Long-term potentiation has several features that make it well suited for learning. It is state-dependent: the receiving cell has to be active at nearly the same moment the sending cell fires, within about 100 milliseconds. This ensures that only signals arriving together get strengthened, a neural version of “neurons that fire together, wire together.” It is also input-specific, meaning only the particular synapse that was active gets stronger, not every connection on the same cell. And it is associative: a weak input that wouldn’t normally trigger strengthening can be boosted if it fires at the same time as a strong neighboring input, allowing the brain to link related pieces of information.
The reverse process also occurs. Synapses that are rarely used gradually weaken, a mechanism called long-term depression. Together, strengthening and weakening allow the brain to continuously reshape its circuits based on experience.

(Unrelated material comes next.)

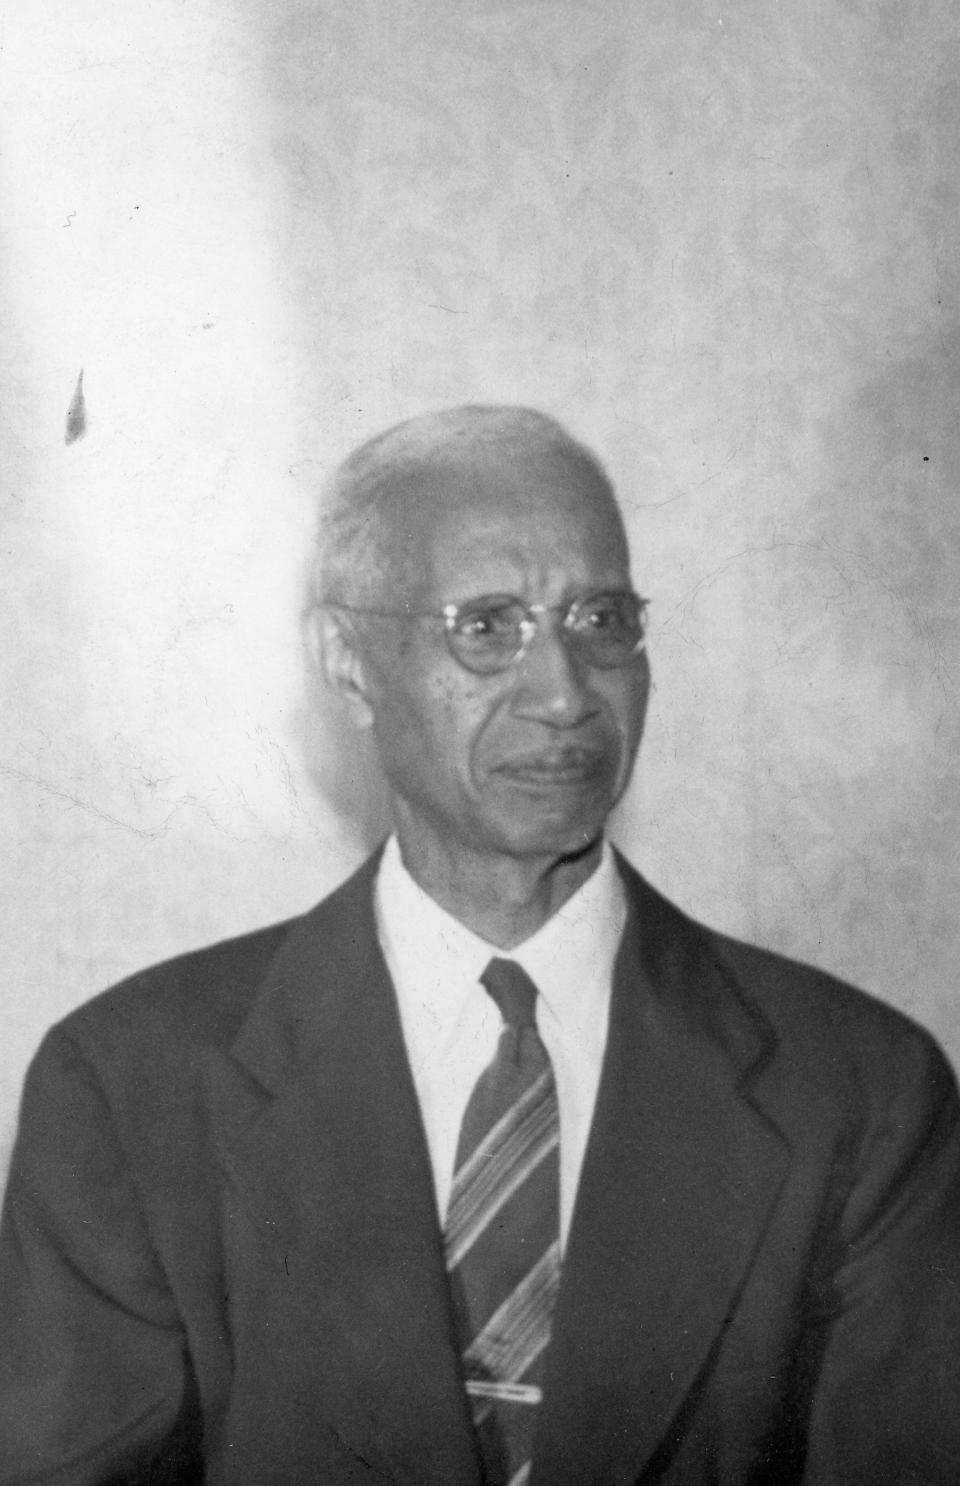 Charles Cansler, pictured in 1943, spoke at the dedication of Beardsley Junior High School in 1936. Cansler, who had recently retired as principal of Green School, would be named interim principal of the new school until 1939.

Synaptic Pruning During Development
Babies are born with roughly 100 billion neurons, about 15% more than they will carry into adulthood. Synapse numbers climb rapidly after birth, peaking around age 1 to 2 at about 50% above adult levels. After that early explosion of connectivity, the brain begins trimming back. Synapses that are frequently used get reinforced and retained. Those that are rarely activated weaken and are eventually removed.
Psychiatrist Irwin Feinberg coined the term synaptic “pruning” in 1983, drawing an analogy to trimming a rosebush: cutting away weaker branches lets the remaining ones grow stronger and more stable. This pruning continues aggressively through childhood and adolescence, then stabilizes in adulthood with a possible slight decline in old age. Computational models suggest this pattern, rapid early elimination followed by a slower taper, optimizes the brain’s capacity to carry information. It is one reason why childhood experiences shape brain wiring so powerfully, and why adolescence is a period of significant cognitive and emotional change.

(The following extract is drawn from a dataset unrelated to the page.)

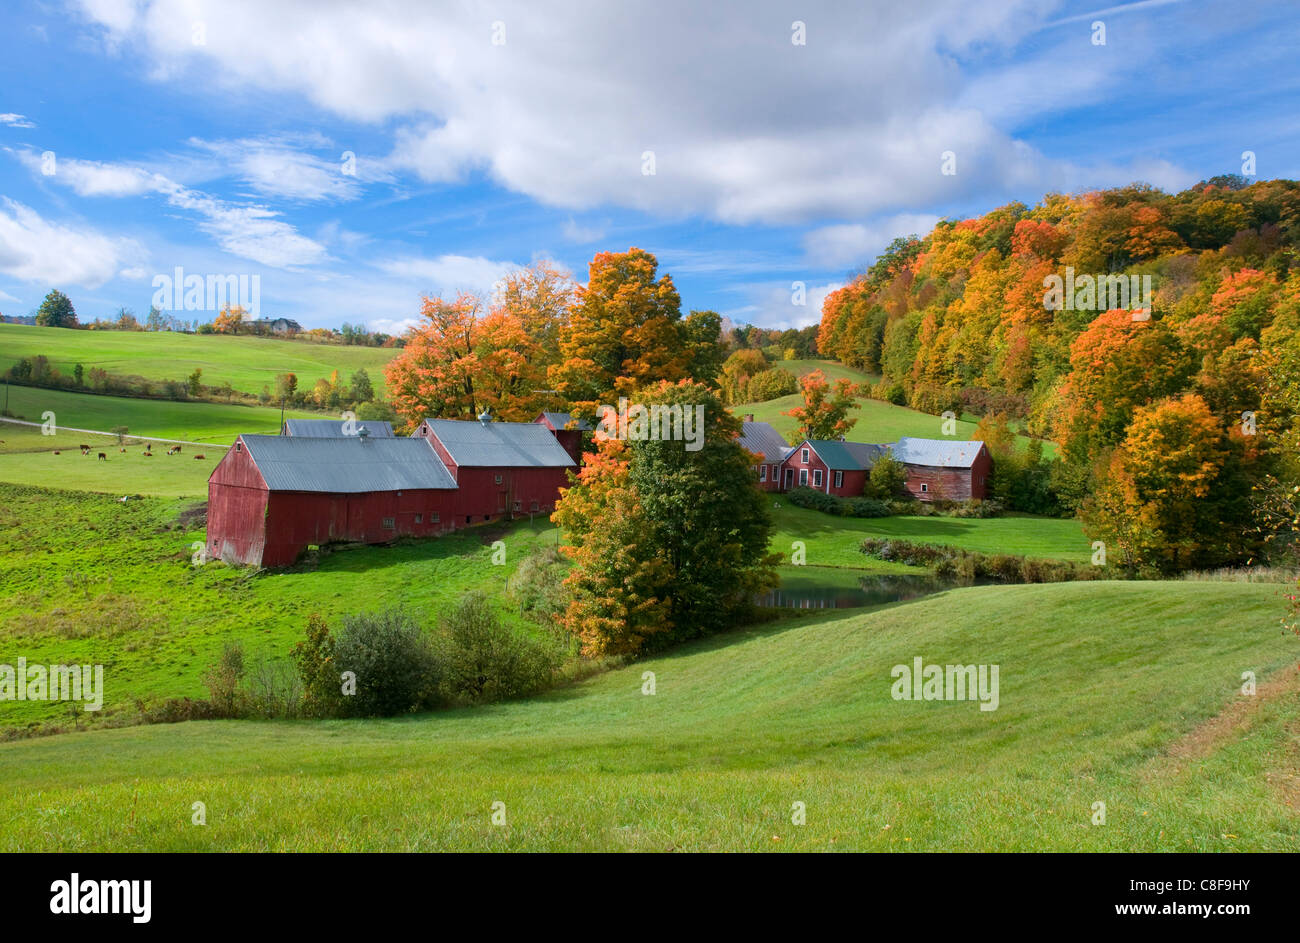 Autumn foliage surrounding red barns at Jenne Farm in South Woodstock, Vermont, New England, United States of America Stock Photo

Why Synapses Matter for Health
Because synapses are where brain cells communicate, they sit at the center of many neurological and psychiatric conditions. In Alzheimer’s disease, synapse loss in memory-related brain regions is one of the earliest measurable changes, often appearing before significant cell death. In conditions like epilepsy, the balance between excitatory and inhibitory synapses shifts in ways that allow abnormal bursts of activity. Many psychiatric medications, including antidepressants and anti-anxiety drugs, work by altering how chemical messengers behave at the synapse, either slowing their removal from the cleft or changing how receptors respond to them.
Understanding synapses also helps explain everyday experiences. The fatigue you feel after intense concentration reflects, in part, the depletion of chemical messenger supplies at heavily used synapses. The improvement you see when practicing a skill reflects synaptic strengthening in the relevant circuits. At every level, from molecular machinery to whole-brain function, the synapse is where the action happens.